Meme kanserli olgularda BRCA1 ve BRCA2 genlerindeki duplikasyon ve delesyonların MLPA tekniği ile incelenmesi

Abstract

Çalışmamızda, İstanbul Üniversitesi İstanbul Tıp Fakültesi Genel Cerrahi Anabilim Dalı ve ESOGÜ Onkoloji Bölümünde , meme kanseri tanısı almış 32 hastanın kan örnekleri ve kontrol grubu olarak meme kanseri açısından sağlıklı 4 bireyin kan örnekleri kullanılarak , hastaların BRCA1 ve BRCA2 genlerindeki delesyon ve duplikasyonlar MRC Holland MLPA P002(lot 0409) , P087(lot 0609) ve P045(lot 0508) prob karışımları kullanılarak MLPA yöntemi ile incelenmiştir.Bir hastada , BRCA1 geninin intron 13 bölgesinde olası bir duplikasyon saptanmıştır , bulunan intron 13 duplikasyonu, intron içindeki splice dizilerine etki edebilir buda hatalı protein sentezine neden olabilir. Splice mekanizmasındaki bozukluk sonucu oluşan hatalı protein kanser gelişiminde etkili olabilr. BRCA2 geninde ise , aynı aileye mensup anne ve kızda ekson 27 delesyonu saptanmıştır. BRCA2 ekson 27, rekombinaz bir protein olan RAD51 `le etkileşimden sorumlu olan bir amino asid domaini kodlar. Bu iki protein birbirleriyle etkileşim halinde olarak DNA çift dal kırıklarının homolog rekombinasyonla tamirinden sorumludur. Ekson 27 deki delesyon hatalı protein sentezlenmesine neden olabilir buda iki protein arasındaki etkileşimi bozabilir. Bu durum kanser gelişim mekanizmasını tetikleyebilir.Çalışmamız sporadik ve kalıtsal meme kanserlerinde, BRCA1 VE BRCA2 genlerindeki delesyon ve duplikasyonların, hastalık gelişimine etkileri gösterilmiştir.

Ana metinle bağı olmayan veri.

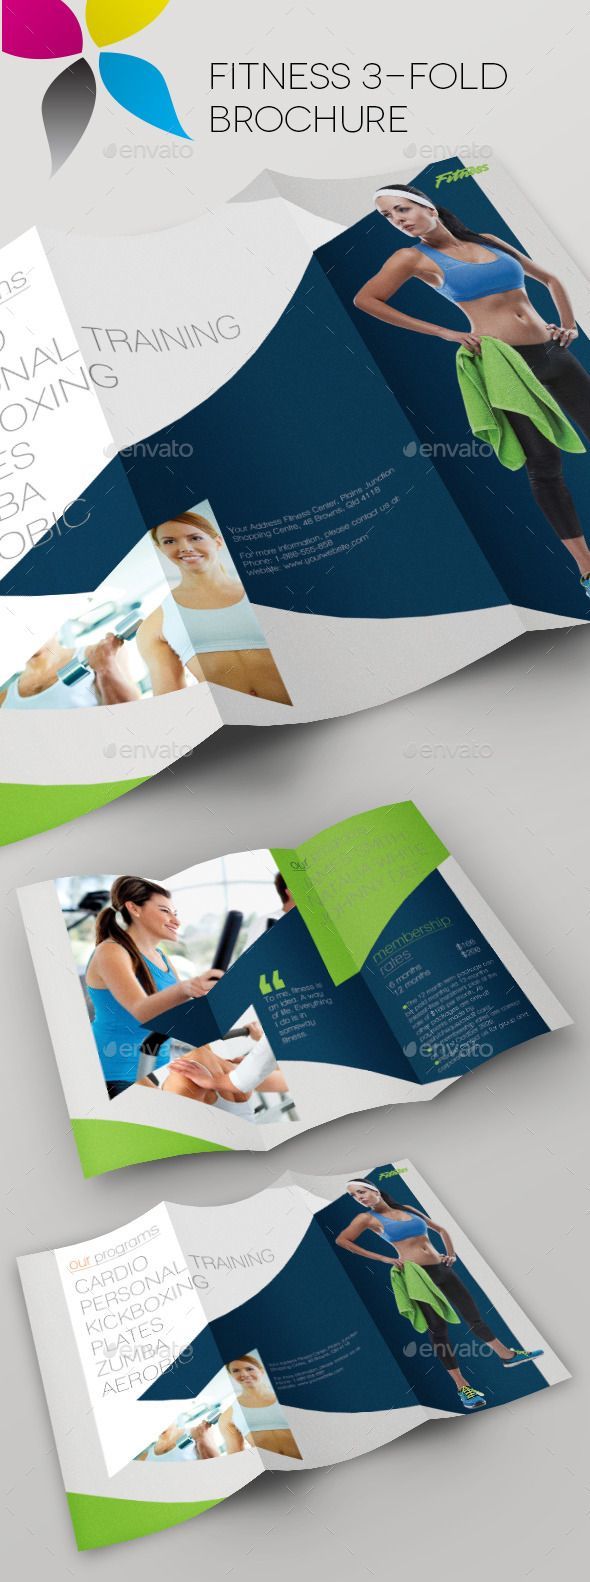 Healthcare-Advertising-Healthcare-Advertising-Fitness-3-Fold-Brochure-CS2-11x8.5-3-fold-brochure Healthcare Advertising : Healthcare Advertising : Fitness 3-Fold Brochure (CS2, 11x8.5, 3 fold brochure, ...

In our study,deletions and duplications BRCA1, BRCA2 investigated with MLPA in 32 breast cancer diagnosed patients. As a control group 4 healthy individuals used. Breast cancer patients diagnosed in Istanbul University Medical School Surgery Department and ESOGU Oncology Department. Duplications and deletions in BRCA1 and BRCA2 genes investigated with using probe mixes MRC Holland MLPA P002 (lot 0409) , P087 lot(0609) and P045 (lot 0508) .A possible BRCA1 intron 13 duplication was detected one of our sporadic breast cancer patients. In BRCA2 , in daughter and mother in same family exon 27 deletion detected. Intron 13 duplication in BRCA1 thought to be effect splice regulatory sequences and may result a aberrant protein synthesis and this may cause cancer progression. BRCA2 exon 27 encodes a amino acid domain that interacts RAD51 recombinase protein that plays a role in DNA double strand break repair. BRCA2 exon 27 deletion may disturp BRCA2-RAD51 interactions. This can trigger cancer progression mechanism. Our study showed that importance of duplications and deletions BRCA1/BRCA2 in sporadic and hereditary breast cancer progression.